2.4 Multiresolution Blending

The blending process can be viewed as a multi-resolution blending process. Here are the main steps I take:

Prepare two images and a mask. (These should be of the same size.)
Compute the Gaussian and Laplacian stacks for two images. Compute the mask gaussian stacks.
Blend the Laplacian stacks using: $L_{\text{hybrid}}[i] = L_{\text{picture 1}}[i] * mask[i] + L_{\text{picture 2}}[i] * (1 - mask[i])$
Blend the lowest level of the Gaussian stacks using: $G_{\text{hybrid}}[0] = G_{\text{picture 1}}[0] * mask[0] + G_{\text{picture 2}}[0] * (1 - mask[0])$
Add up the lowest level of the Gaussian stacks and all levels of the Laplacian stacks to get the final image.

The result is quite good!

I have to note that showing the result requires normalization as the laplacian results have negative values. So the color in the Laplacian results are not the same as in the gaussian results.

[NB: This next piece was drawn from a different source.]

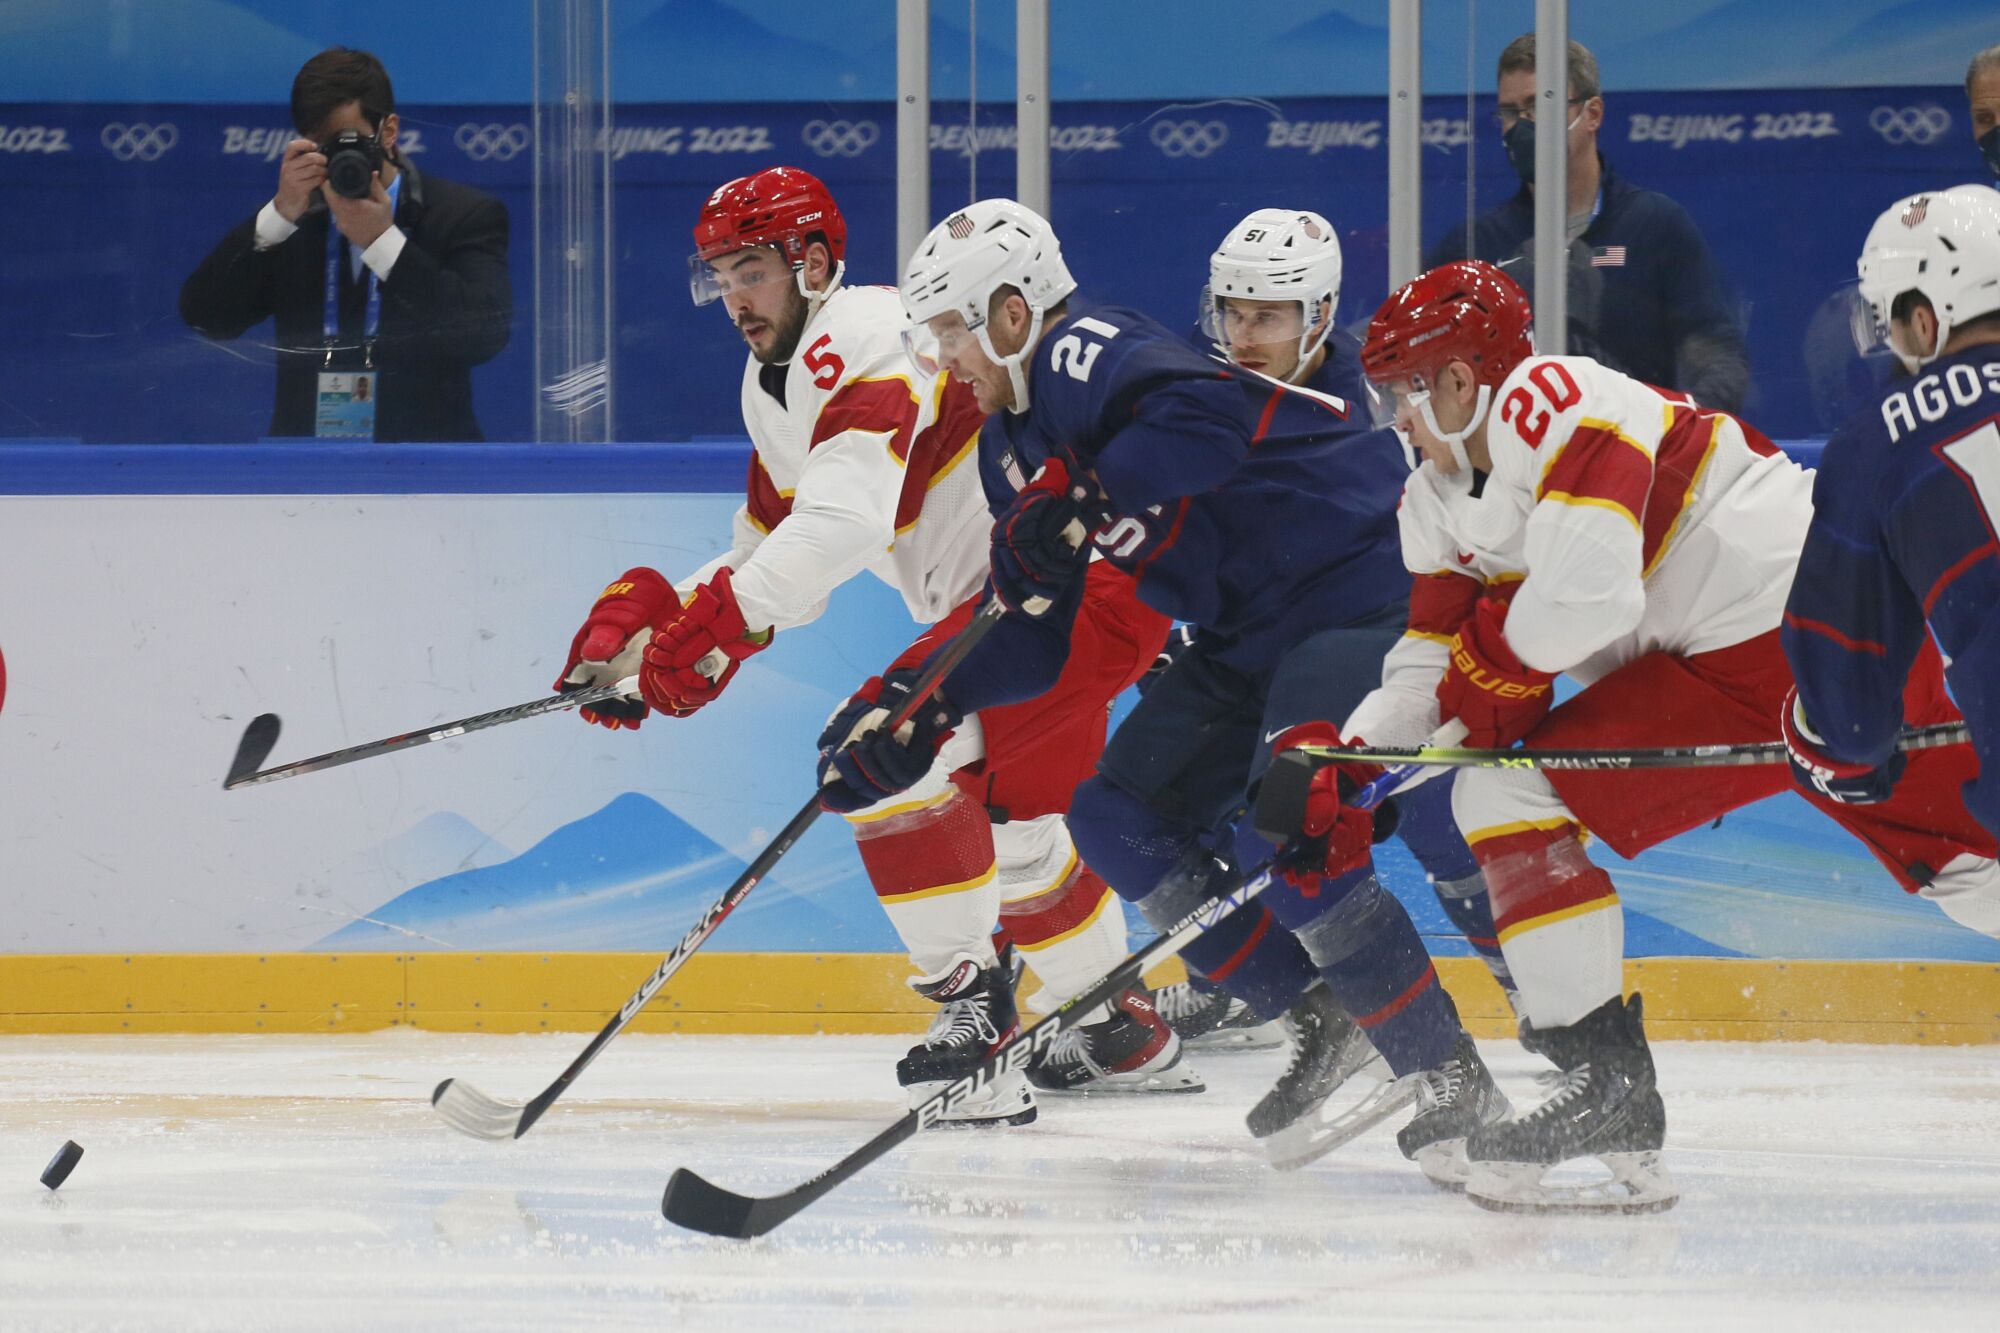 A scrum of U.S. and China players chase after the puck during a preliminary-round game at the Beijing Olympics.
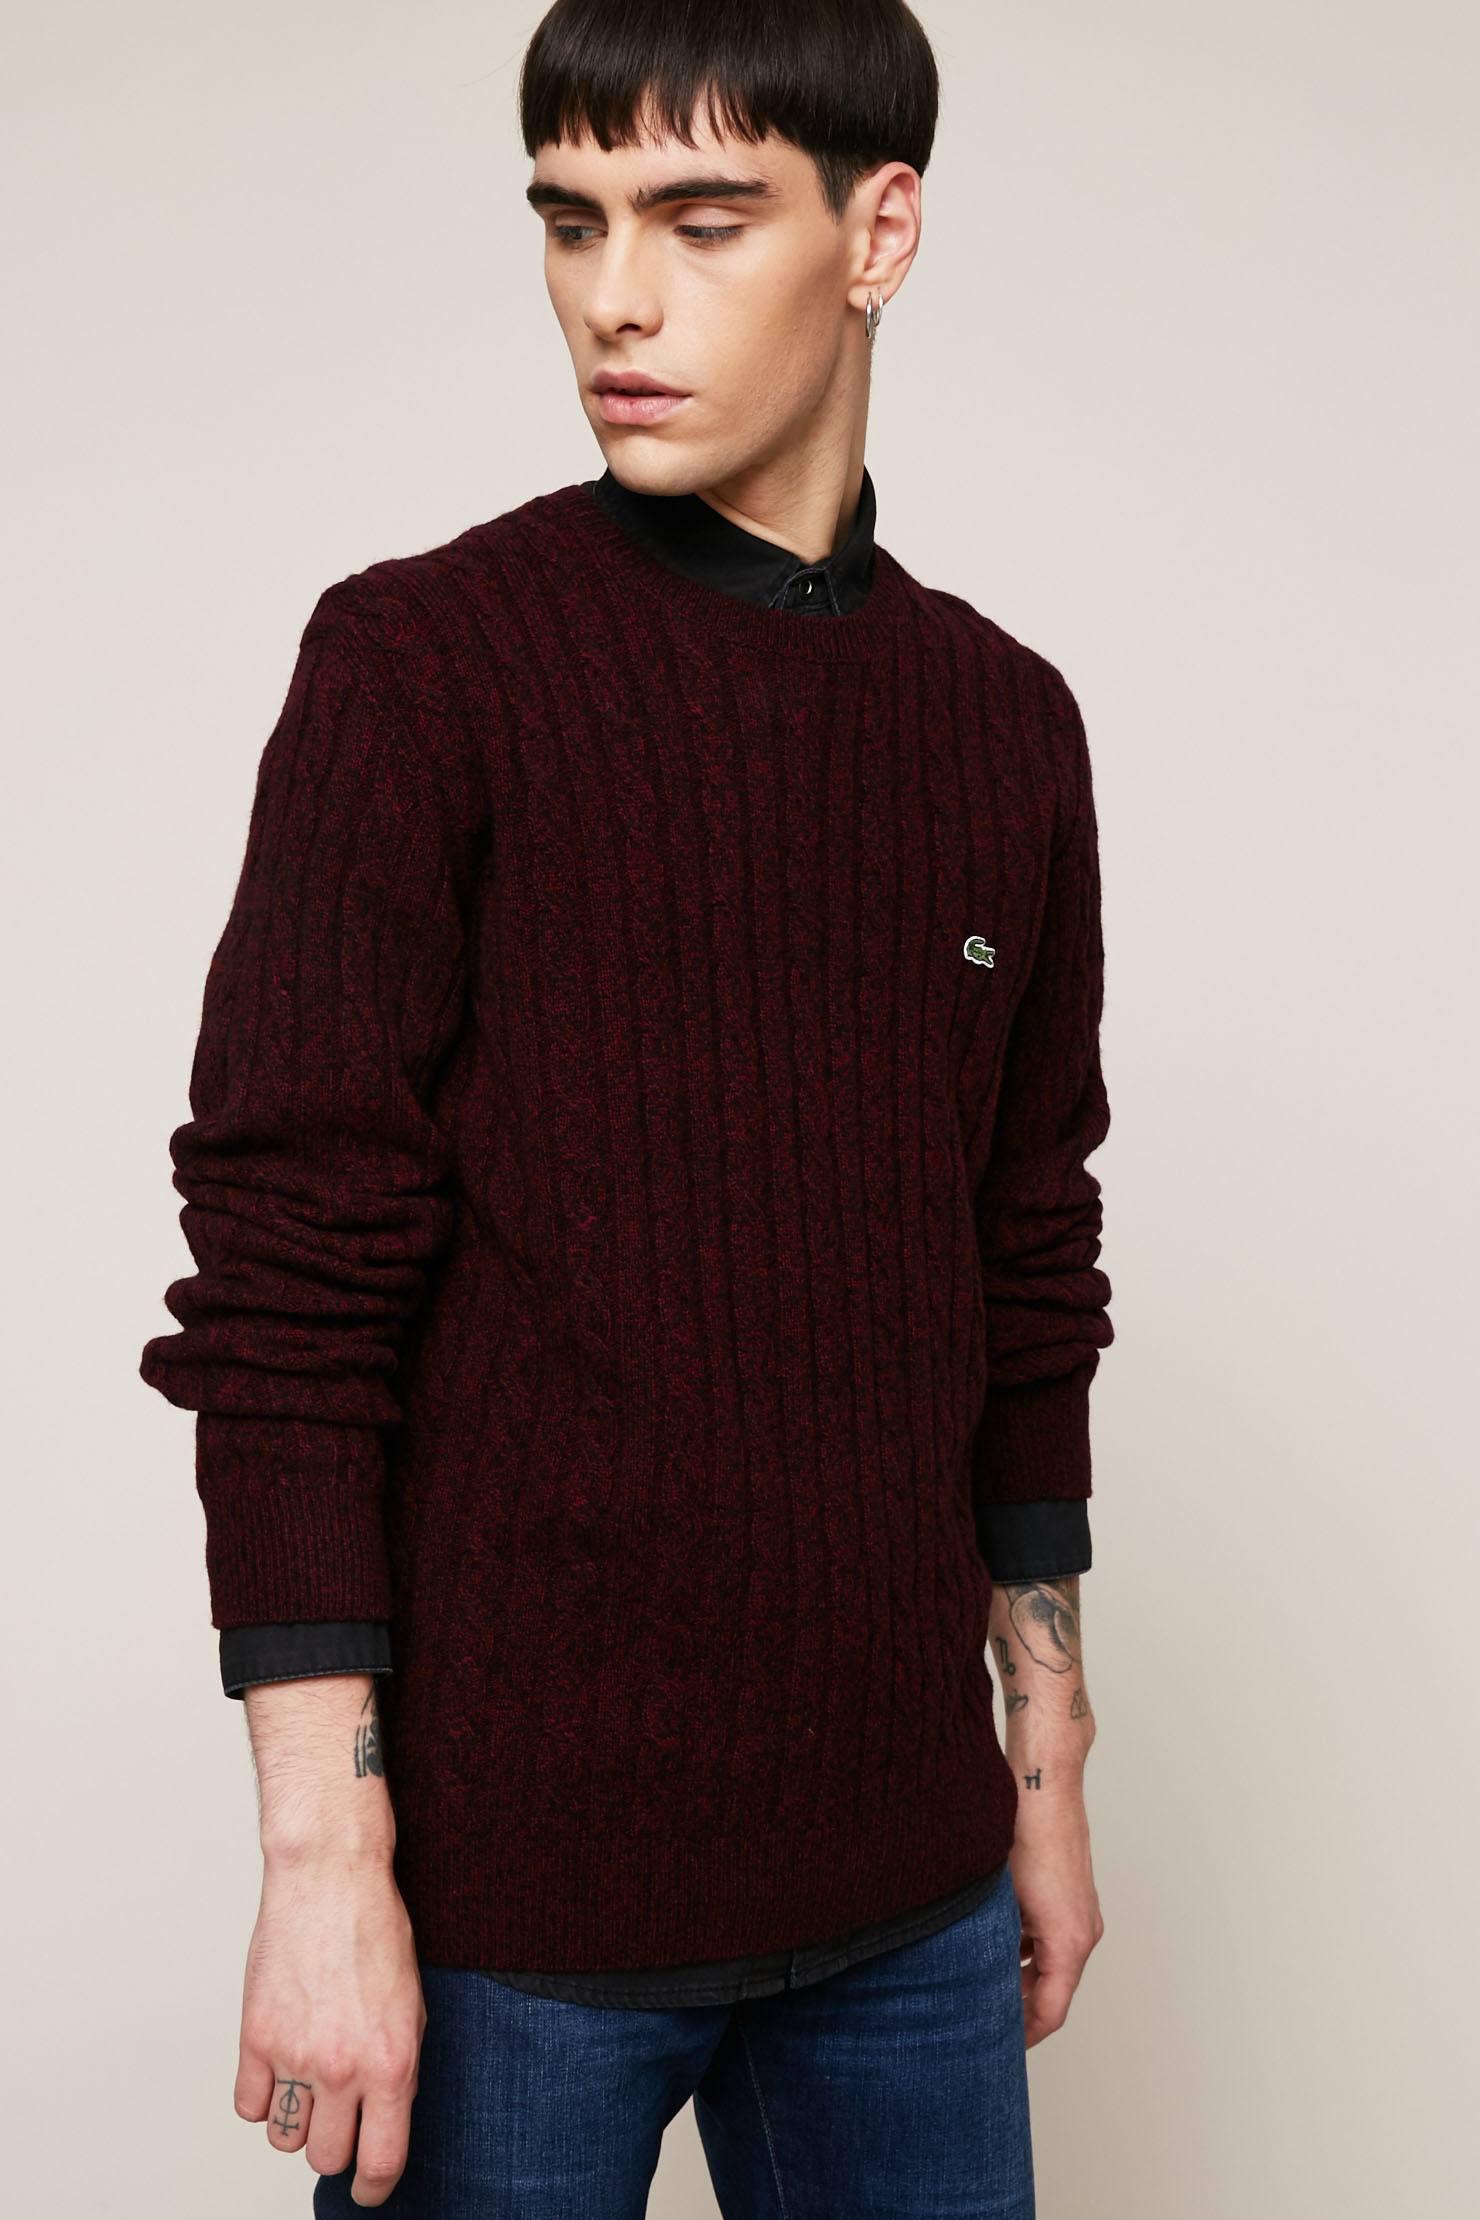 Lyst - Lacoste Sweater & Cardigan in Red for Men

Apple and Orange Multiresolution Blending Result

And too I try to use the blending machenism to bridge the reality and the anime I like:

And here is the result of the blending:

Reality and Anime: Your Name Multiresolution Blending Result

Here is another blending result using the main character inside the anime Your Name. (In this anime, Takiku and Mizuhan are the main characters and they go through a magic process of exchange their bodies.)

And here is the result of the blending:

Mizuhan and Takiku Blending Result

Conclusion

After learning all the techniques in Computer Vision, you can actually do some cool stuff with them! Including realize some of the ideas you have been thinking about for a long time! Merging reality and anime, transcending time and space, these are the power of Computer Vision!